Preoperative capecitabine, oxaliplatin, and irinotecan in resectable gastric or gastroesophageal junction cancer: Pathological response as primary endpoint and FDG-PET predictions
Oncology Sep 11, 2017
Berenato R, et al. Â The safety and activity of capecitabine, oxaliplatin, and irinotecan (COI regimen) were assessed as a preoperative treatment for resectable gastric cancer (GC) or gastroesophageal junction (GEJ) cancer. In patients with resectable GC or GEJ cancer, COI combination was active with a manageable toxicity profile. In addition, fluorodeoxyglucose positron emission tomography/computed tomography (FDG-PET/CT) imaging as a surrogate biomarker of pathological response in this setting appeared fascinating. However, it required further investigation.
Methods
- The COI regimen for 4 cycles followed by restaging and gastroresection with D2 lymphadenectomy was used to treat patients affected by T3-T4/N0-N+/M0 GC/GEJ cancer.

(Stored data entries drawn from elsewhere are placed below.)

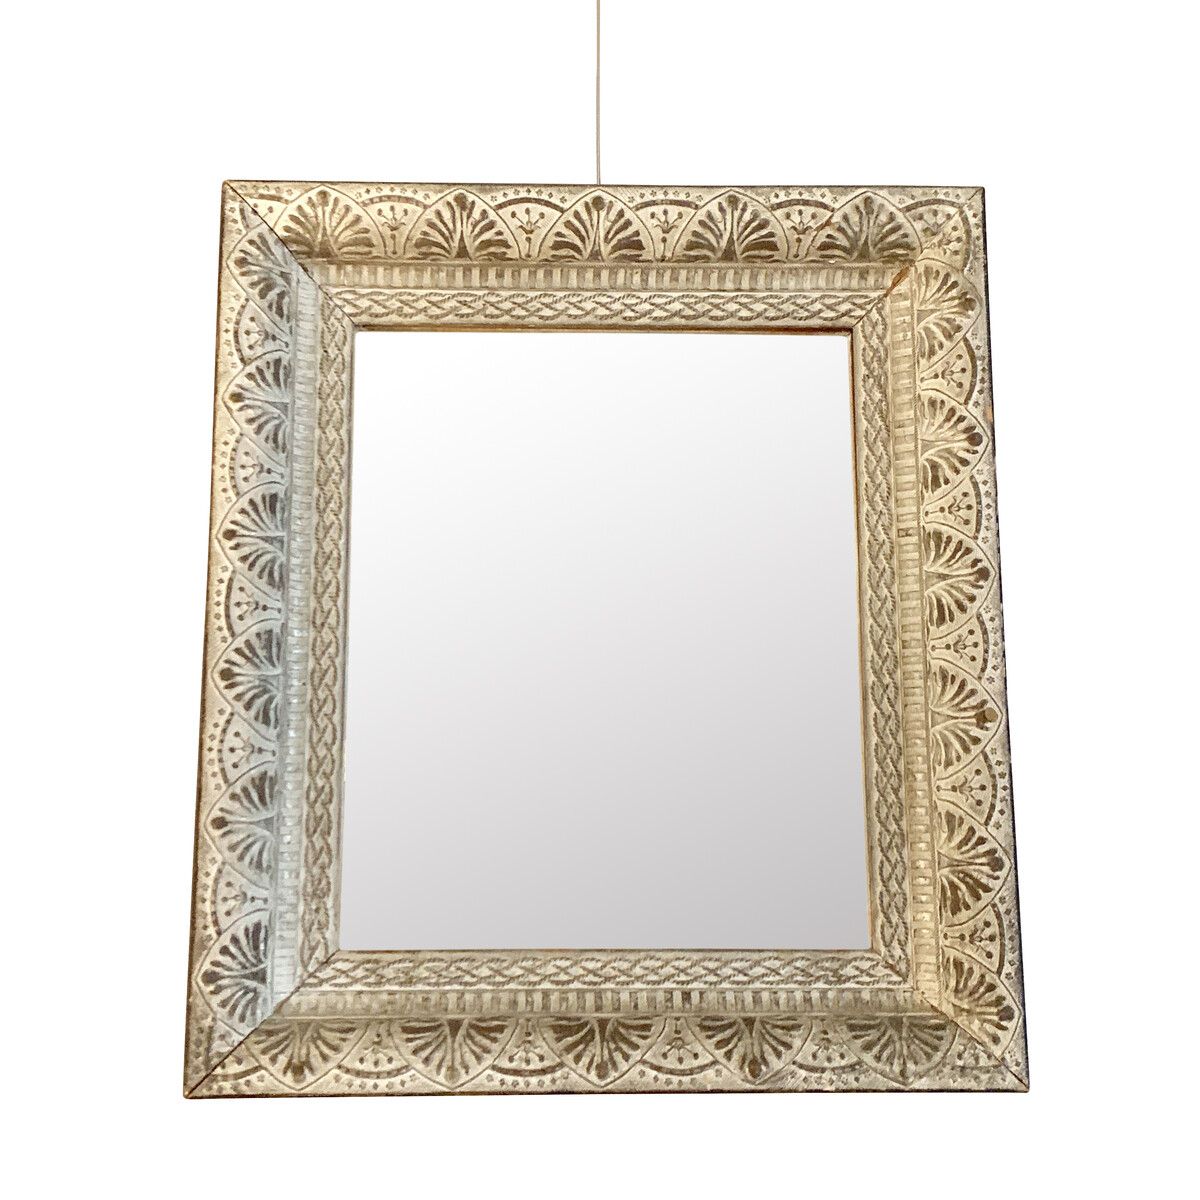 Balsamo Antiques | 1940's French Silver Leaf Framed Mirror Intended For Gold Leaf Floor Mirrors (View 5 of 15)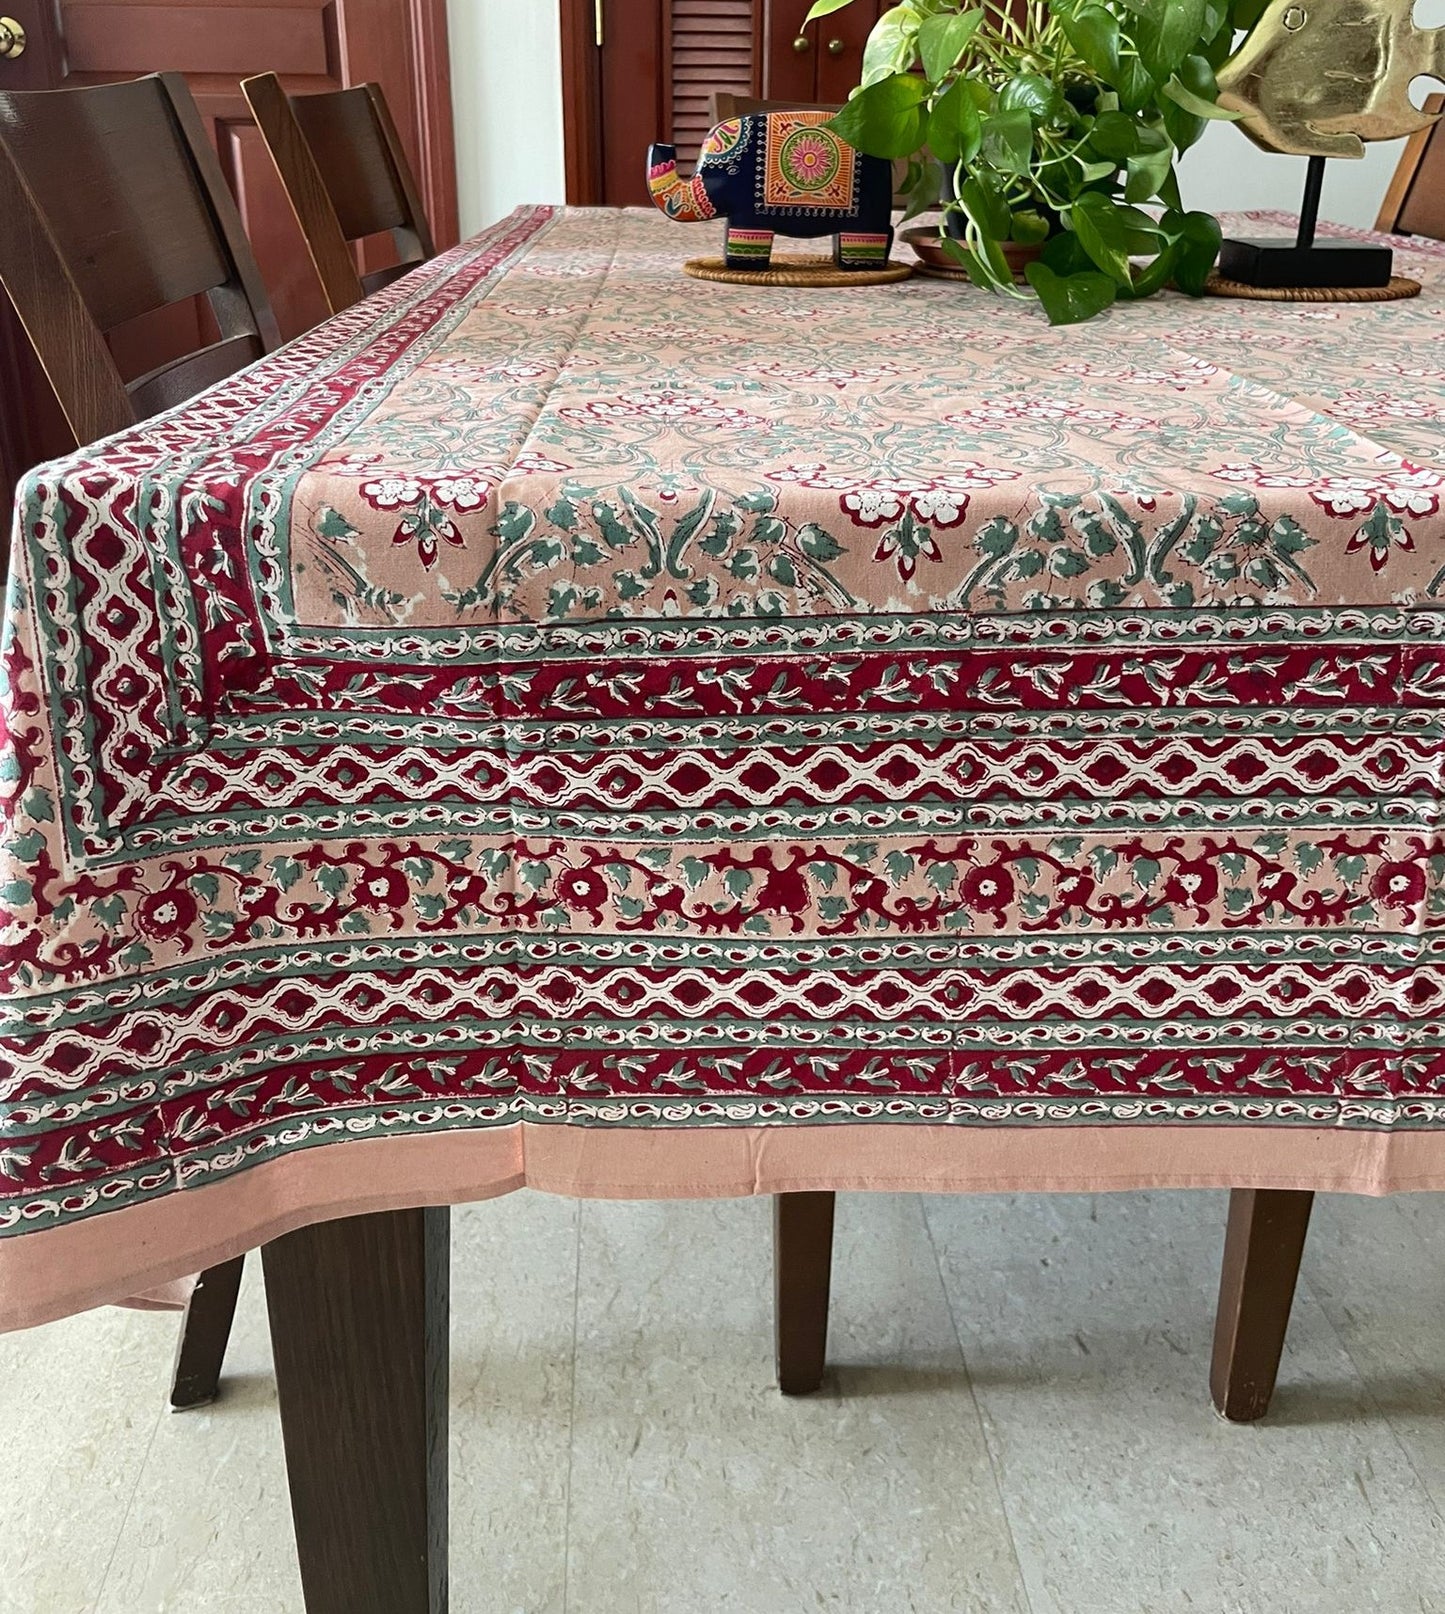 high quality and colorful table cover for women, buy now in Singapore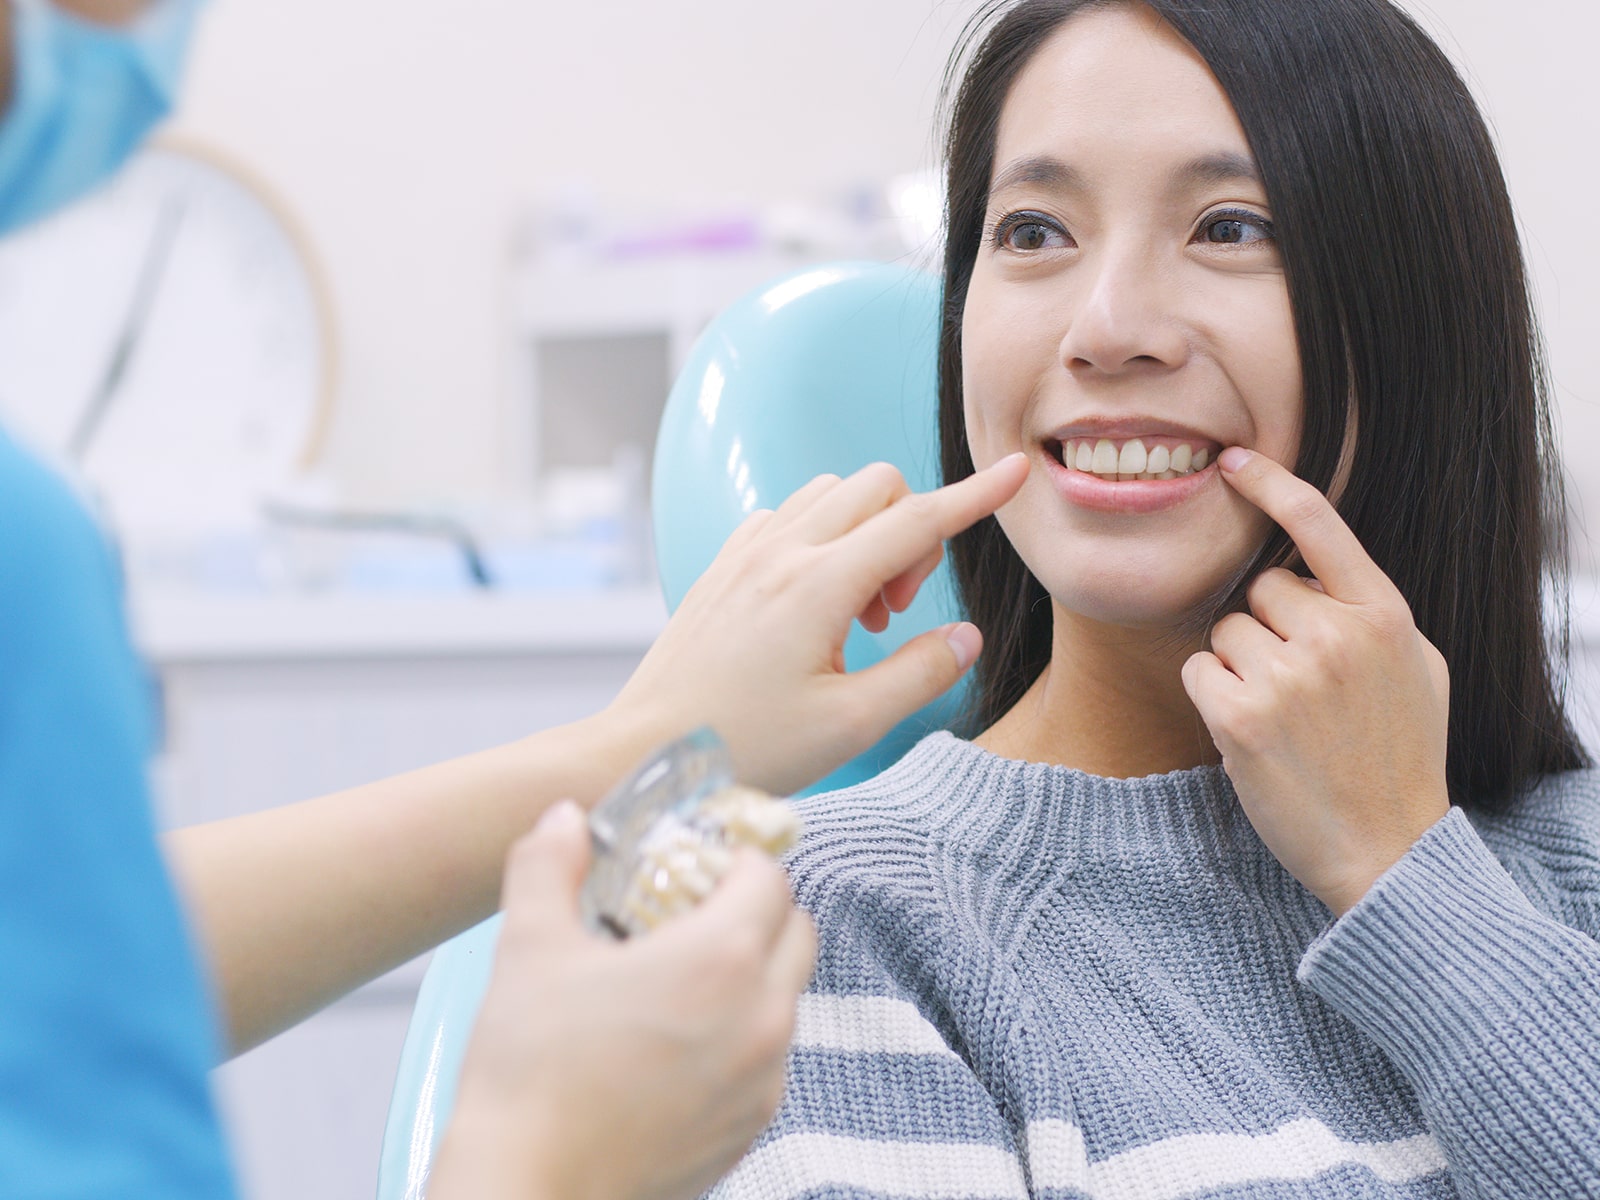 How Much Tooth Is Needed For A Dental Crown?

- The clinicians scheduled four postoperative cycles.
- According to Becker et al. [Cancer 2003;98:1521-1530], the primary endpoint was pathological response rate.
- They appraised the potential role of fluorodeoxyglucose positron emission tomography/computed tomography (FDG-PET/CT) as a predictive biomarker of pathological tumor response in a subgroup of 19 evaluable patients.
Results
- 40 patients were enrolled, between January 2011 and October 2015.
- In addition, after the preoperative phase, 36 out of 40 patients (90%) were considered eligible for surgery: 12 patients (30%) achieved a pathological response.
- Diarrhea (27%), nausea (25%), and fatigue (17%) were the most frequent grade 3/4 adverse events.
- This study noticed grade 3 neutropenia in 7.5% of patients.
- A link was observed between a lower standard uptake value at baseline FDG-PET/CT and pathological response.